# TASK STATEMENT
The full listing is to be transcribed exactly, with each picture left out.

# GIVEN INFORMATION

+---+

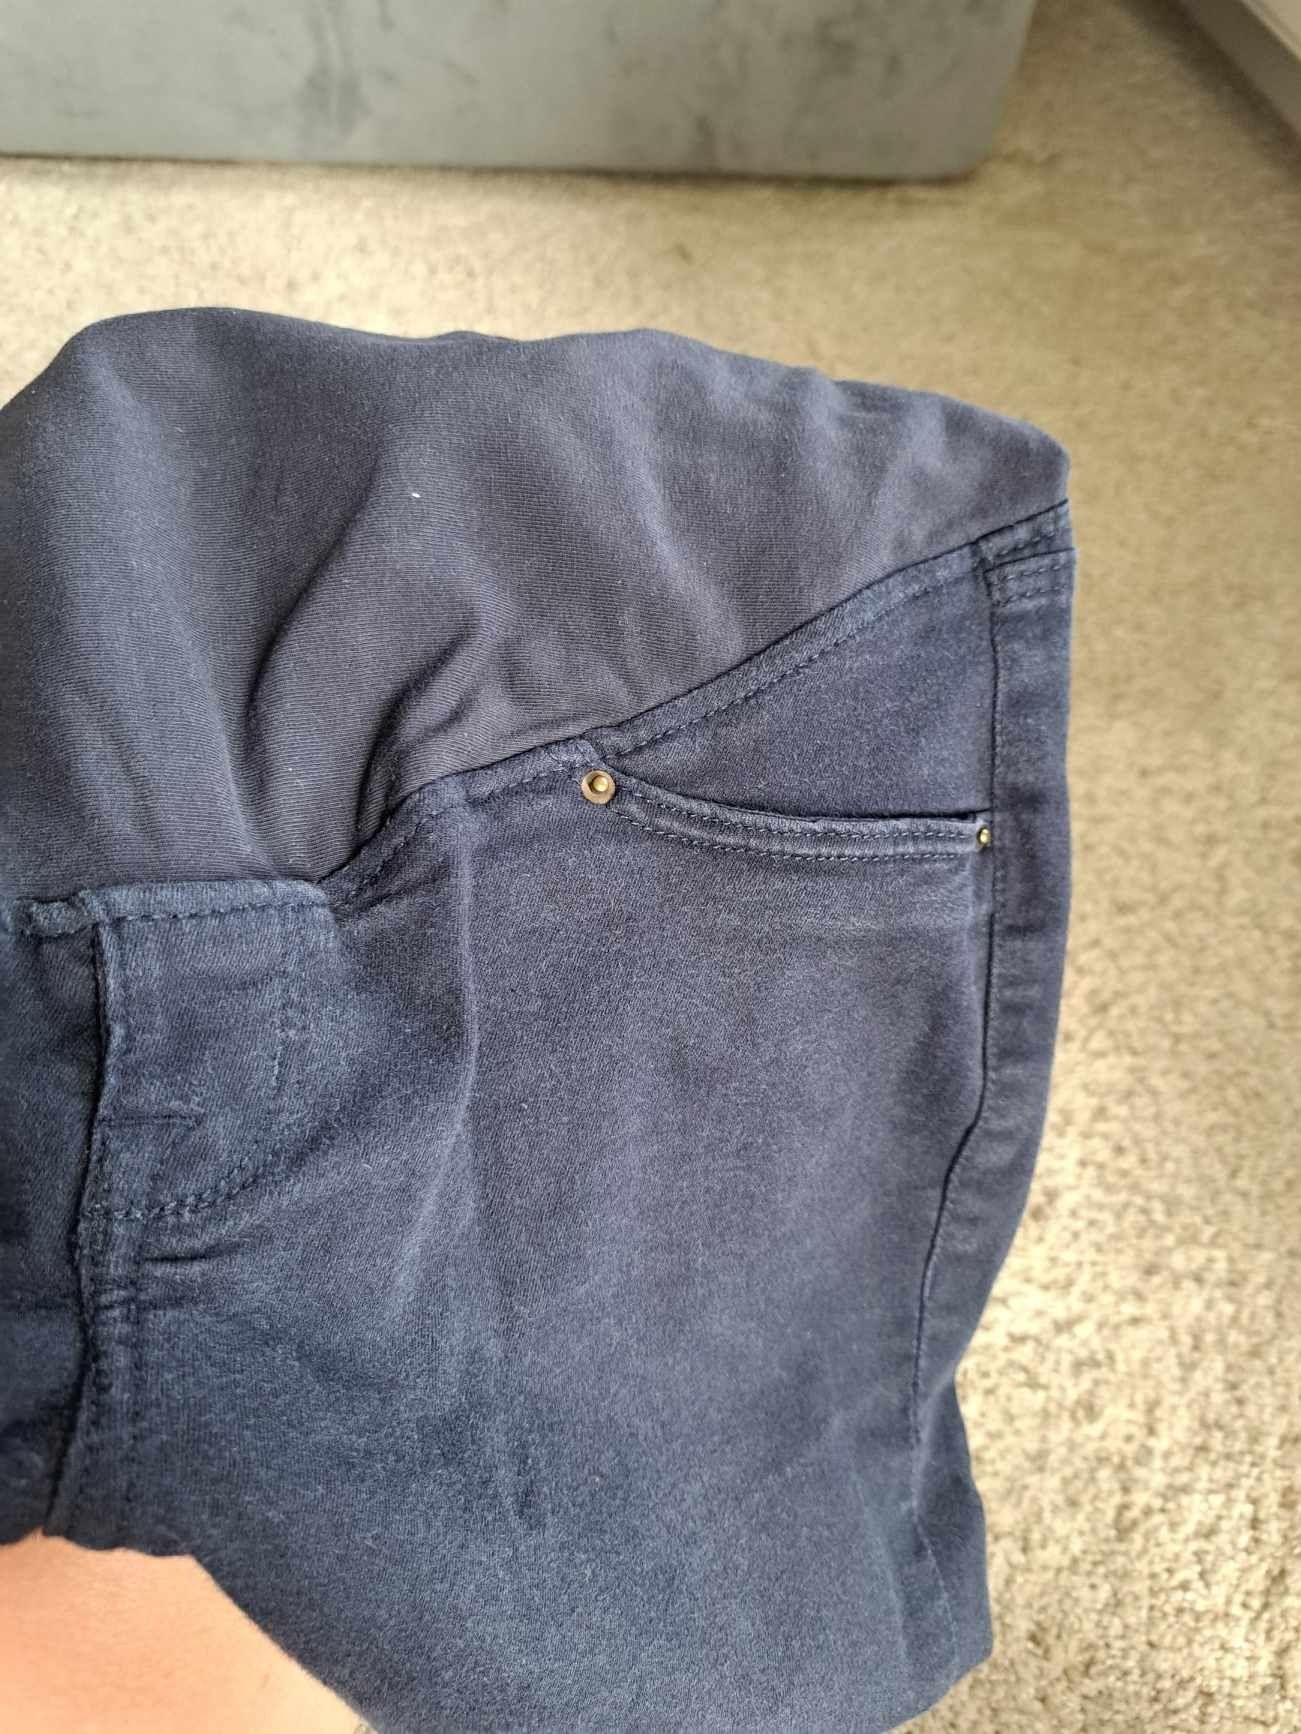 Jeansy miękkie ciążowe spodnie h&m 42 
Granatowe szare 
H&M rozmiar 42

+---+

# TASK OUTPUT
 Jeansy miękkie ciążowe spodnie h&m 42 
Granatowe szare 
H&M rozmiar 42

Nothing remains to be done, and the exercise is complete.